Conventionally, these files (sometimes called ``system'' files)
have the suffix @file{.sav}, but that is
not mandatory.
The following syntax loads a file called @file{my-file.sav}.
@example
@prompt{PSPP>} get file='my-file.sav'.
@end example
@noindent
You will encounter several instances of this in future examples.
@node Saving data to a PSPP file.
@subsection Saving data to a @pspp{} file.
@cindex saving
@vindex SAVE
If you want to save your data, along with the variable definitions so
that you or other @pspp{} users can use it later, you can do this with
the @cmd{SAVE} command.
The following syntax will save the existing data and variables to a
file called @file{my-new-file.sav}.
@example
@prompt{PSPP>} save outfile='my-new-file.sav'.
@end example
@noindent
If @file{my-new-file.sav} already exists, then it will be overwritten.

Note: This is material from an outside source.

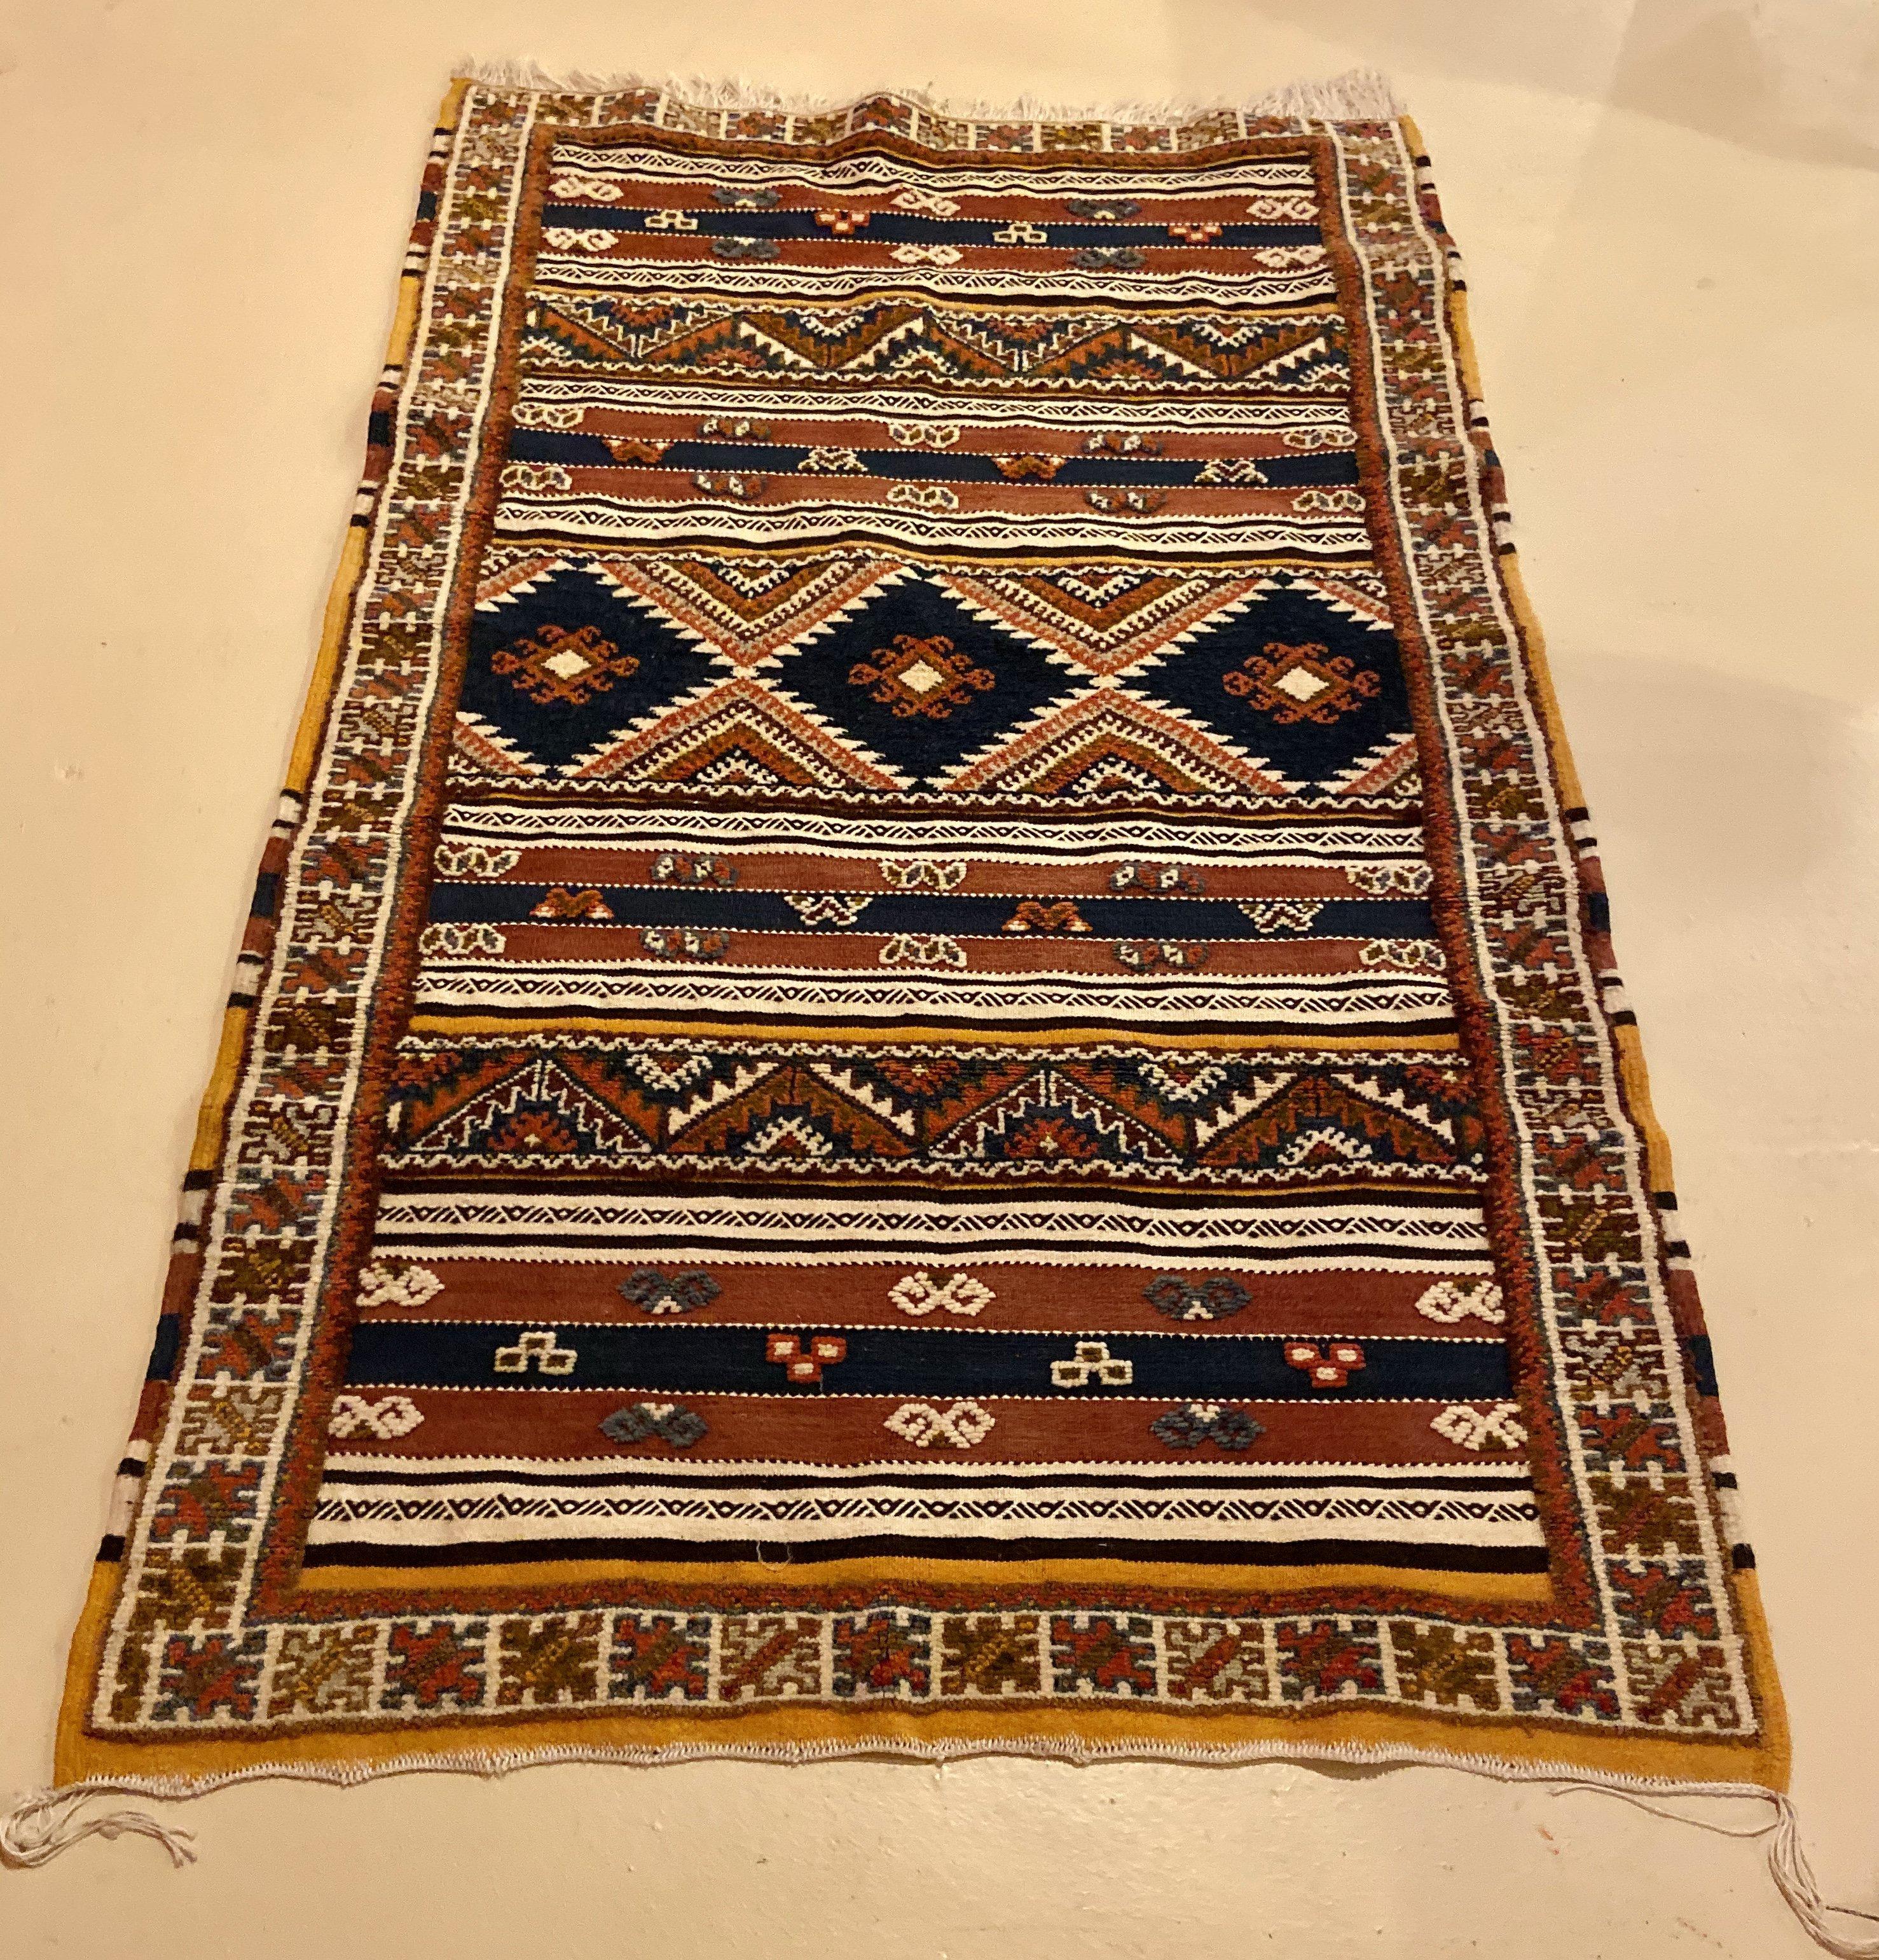 Dieser marokkanische Vintage-Stammesteppich ist eine atemberaubende und anspruchsvolle Ergänzung für Ihr Wohnzimmer, Esszimmer, Eingangsbereich oder Schlafzimmer. Dieser Teppich und sein exquisites, fesselndes Muster werden nie aus der Mode kommen.

Otherwise it will be created.
@node Reading data from other sources
@subsection Reading data from other sources
@cindex comma separated values
@cindex spreadsheets
@cindex databases
Sometimes it's useful to be able to read data from comma
separated text, from spreadsheets, databases or other sources.
In these instances you should
use the @cmd{GET DATA} command (@pxref{GET DATA}).
@node Exiting PSPP
@subsection Exiting PSPP
Use the @cmd{FINISH} command to exit PSPP:
@example
@prompt{PSPP>} finish.
@end example
@node Data Screening and Transformation
@section Data Screening and Transformation
@cindex screening
@cindex transformation
Once data has been entered, it is often desirable, or even necessary,
to transform it in some way before performing analysis upon it.
At the very least, it's good practice to check for errors.
@menu
* Identifying incorrect data::
* Dealing with suspicious data::
* Inverting negatively coded variables::
* Testing data consistency::
* Testing for normality ::
@end menu
@node Identifying incorrect data
@subsection Identifying incorrect data
@cindex erroneous data
@cindex errors, in data
Data from real sources is rarely error free.
@pspp{} has a number of procedures which can be used to help
identify data which might be incorrect.
The @cmd{DESCRIPTIVES} command (@pxref{DESCRIPTIVES}) is used to generate
simple linear statistics for a dataset. It is also useful for
identifying potential problems in the data.
The example file @file{physiology.sav} contains a number of physiological
measurements of a sample of healthy adults selected at random.
However, the data entry clerk made a number of mistakes when entering
the data.
The following example illustrates the use of @cmd{DESCRIPTIVES} to screen this
data and identify the erroneous values:
@example
@prompt{PSPP>} get file='@value{example-dir}/physiology.sav'.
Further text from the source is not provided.